§ Activity:
Below are some records; output exactly the lines from the line with "Peru Lambayeque expects" to the line with "Painting of a", both ends kept, and nothing more.

§ Exercise data:

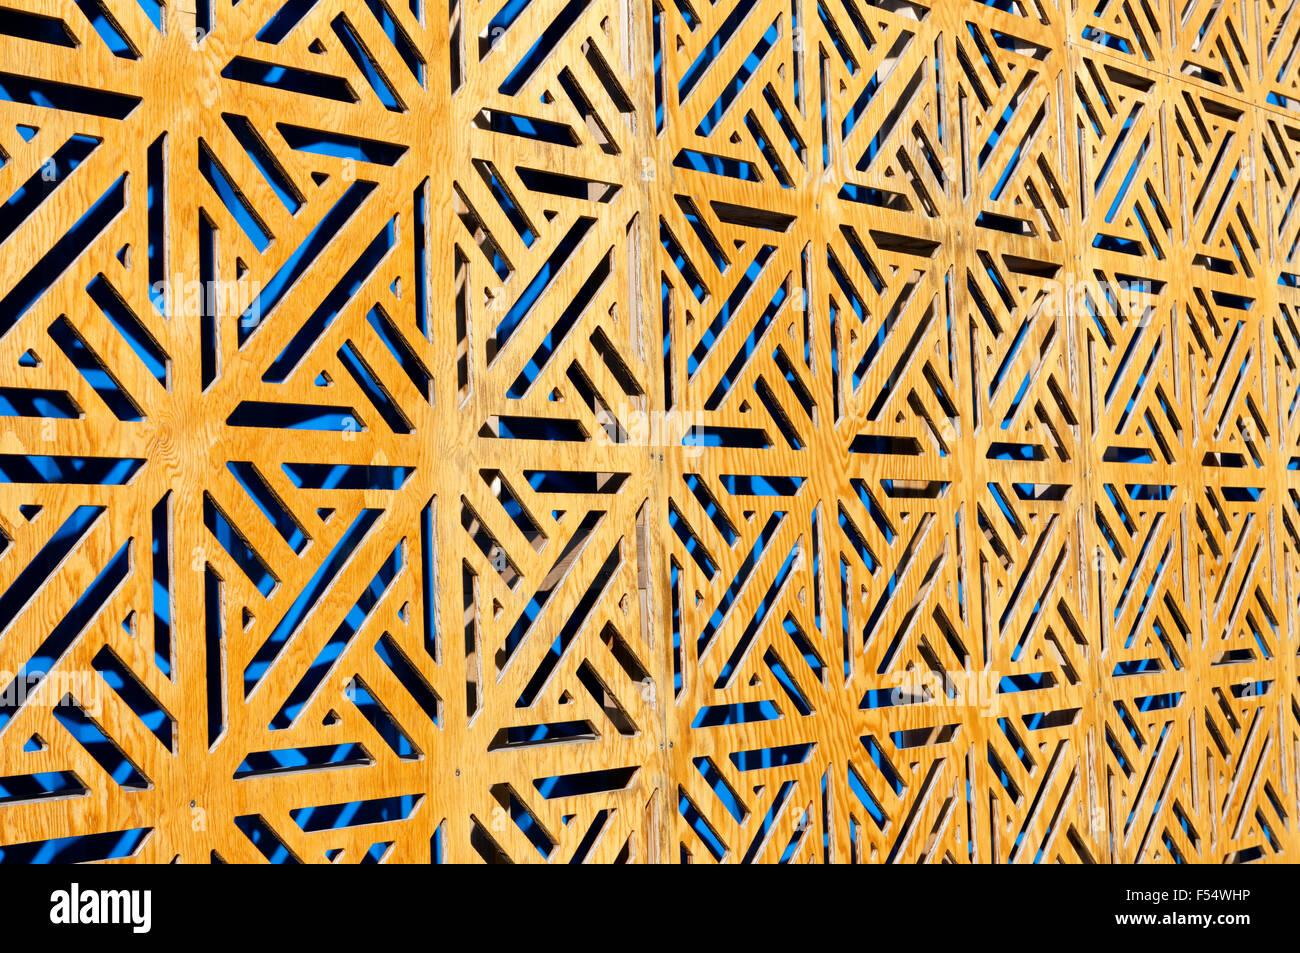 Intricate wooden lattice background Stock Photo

---

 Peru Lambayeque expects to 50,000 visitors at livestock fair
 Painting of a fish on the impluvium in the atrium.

...

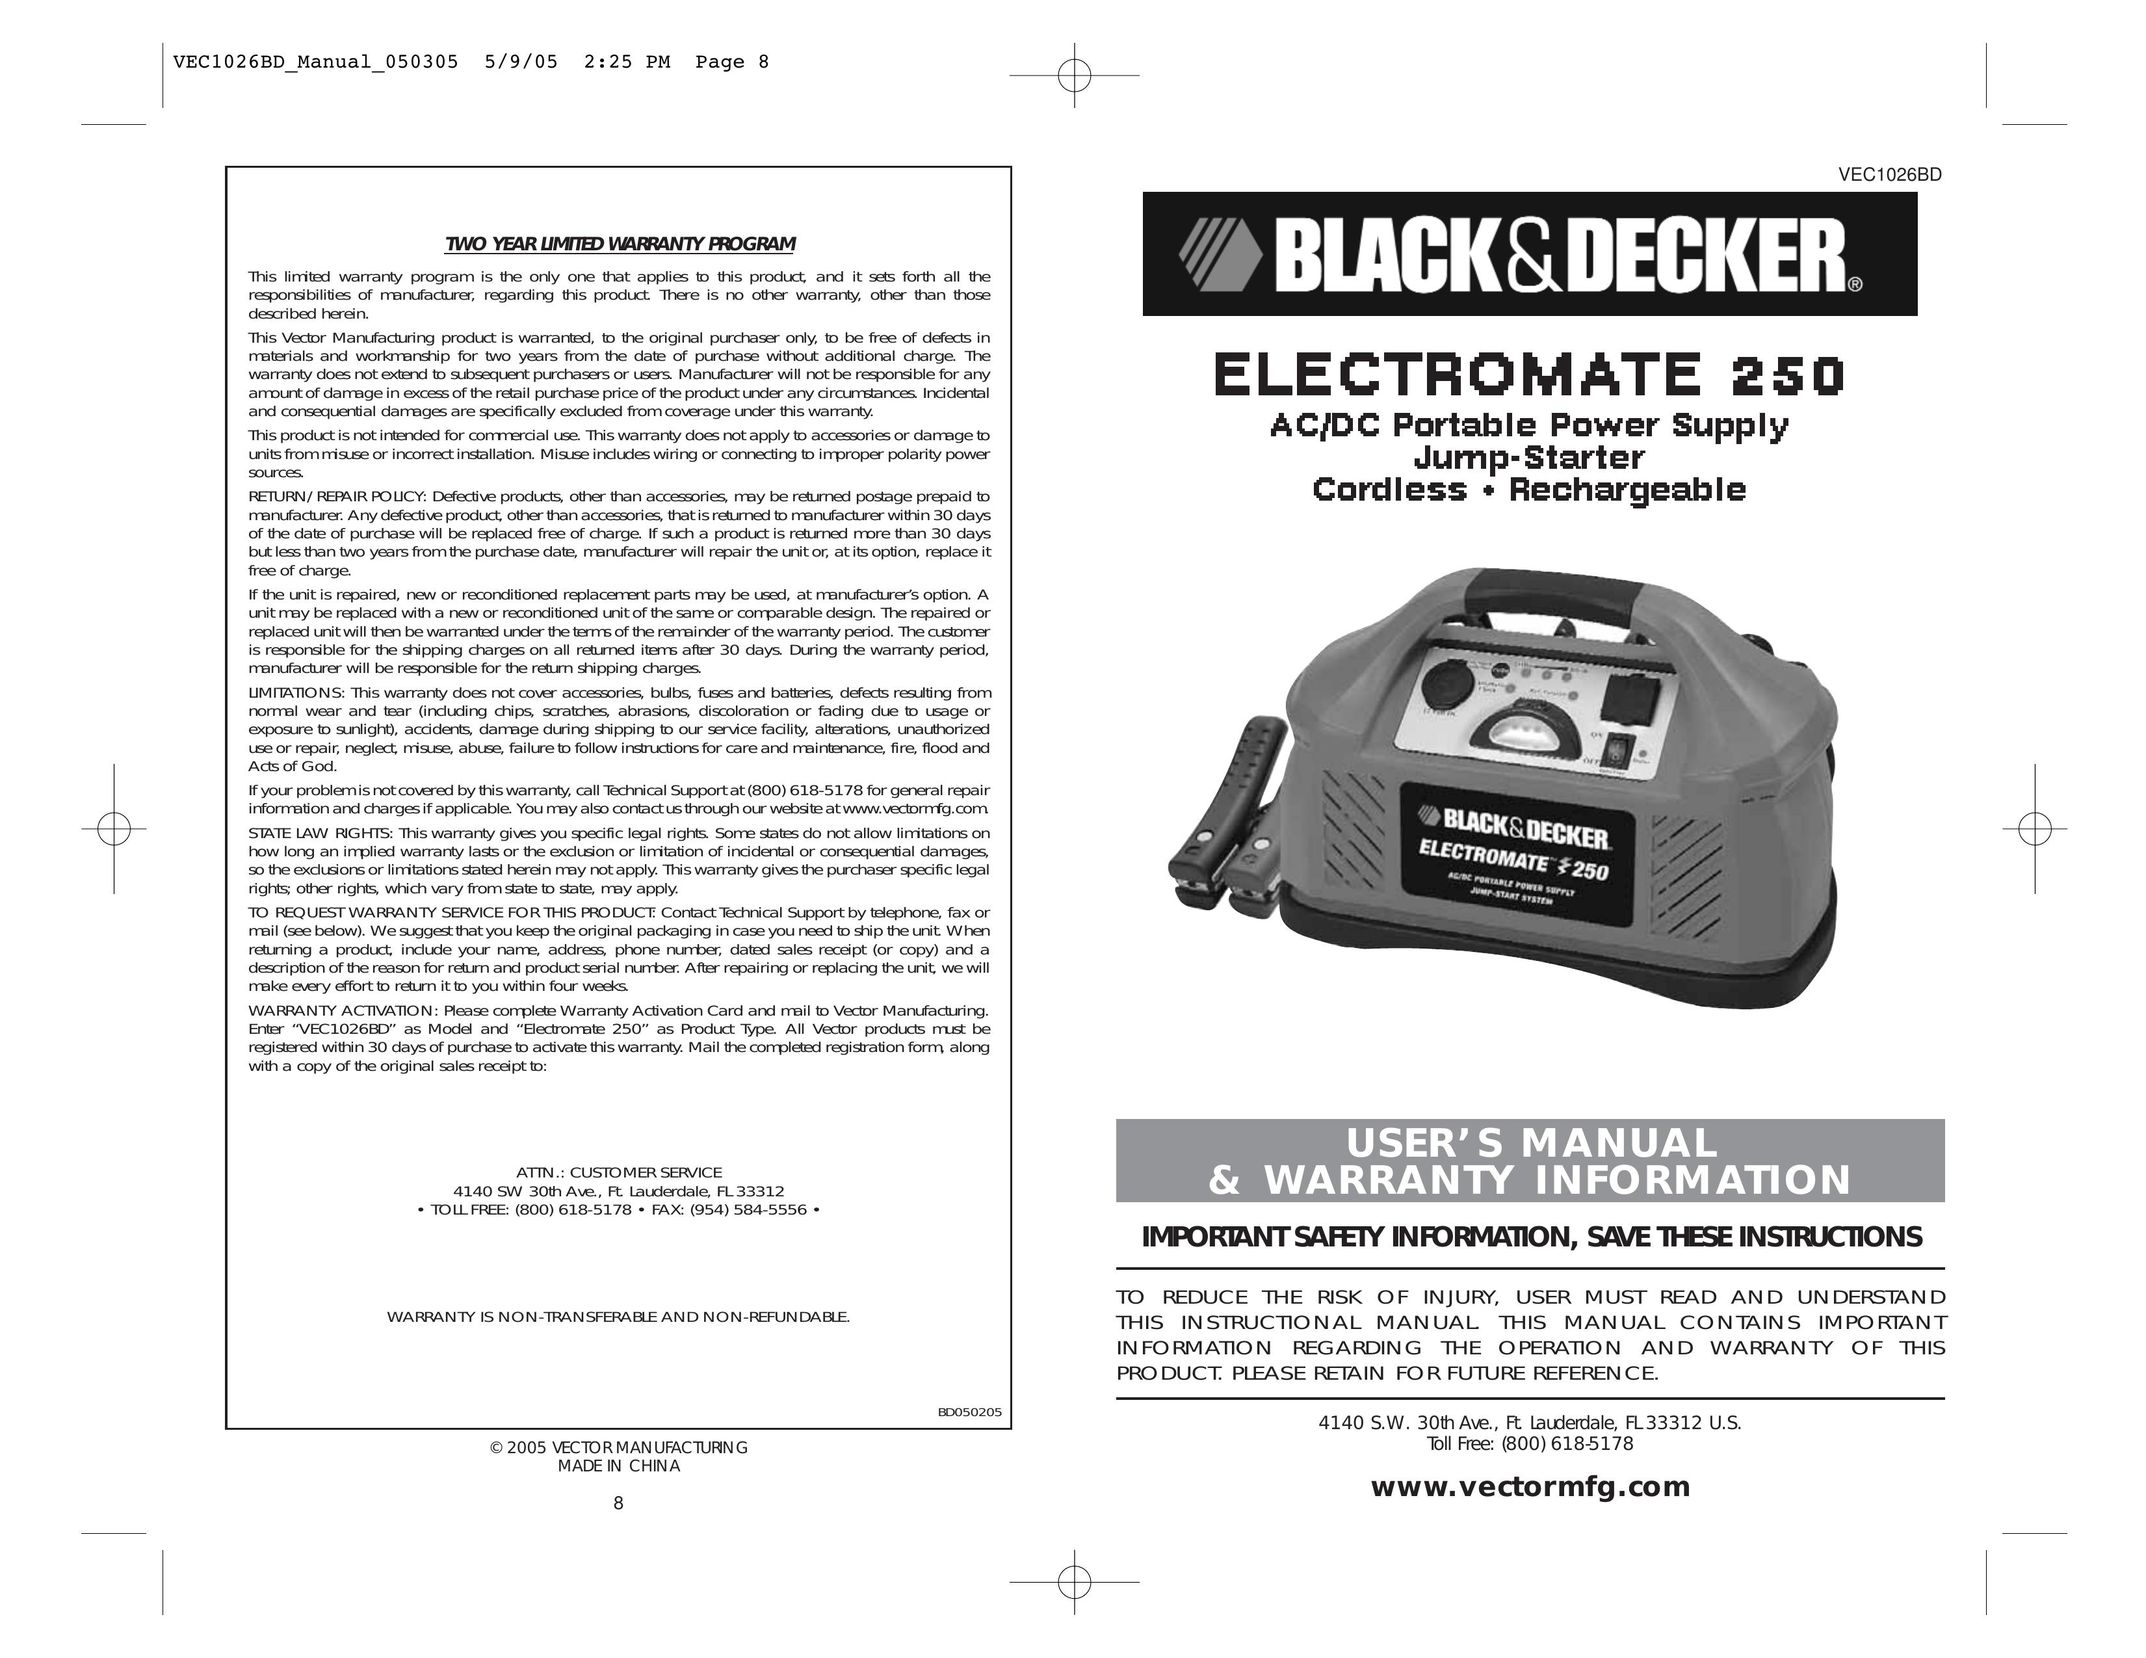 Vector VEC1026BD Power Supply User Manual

§ The completed task:
 Peru Lambayeque expects to 50,000 visitors at livestock fair
 Painting of a fish on the impluvium in the atrium.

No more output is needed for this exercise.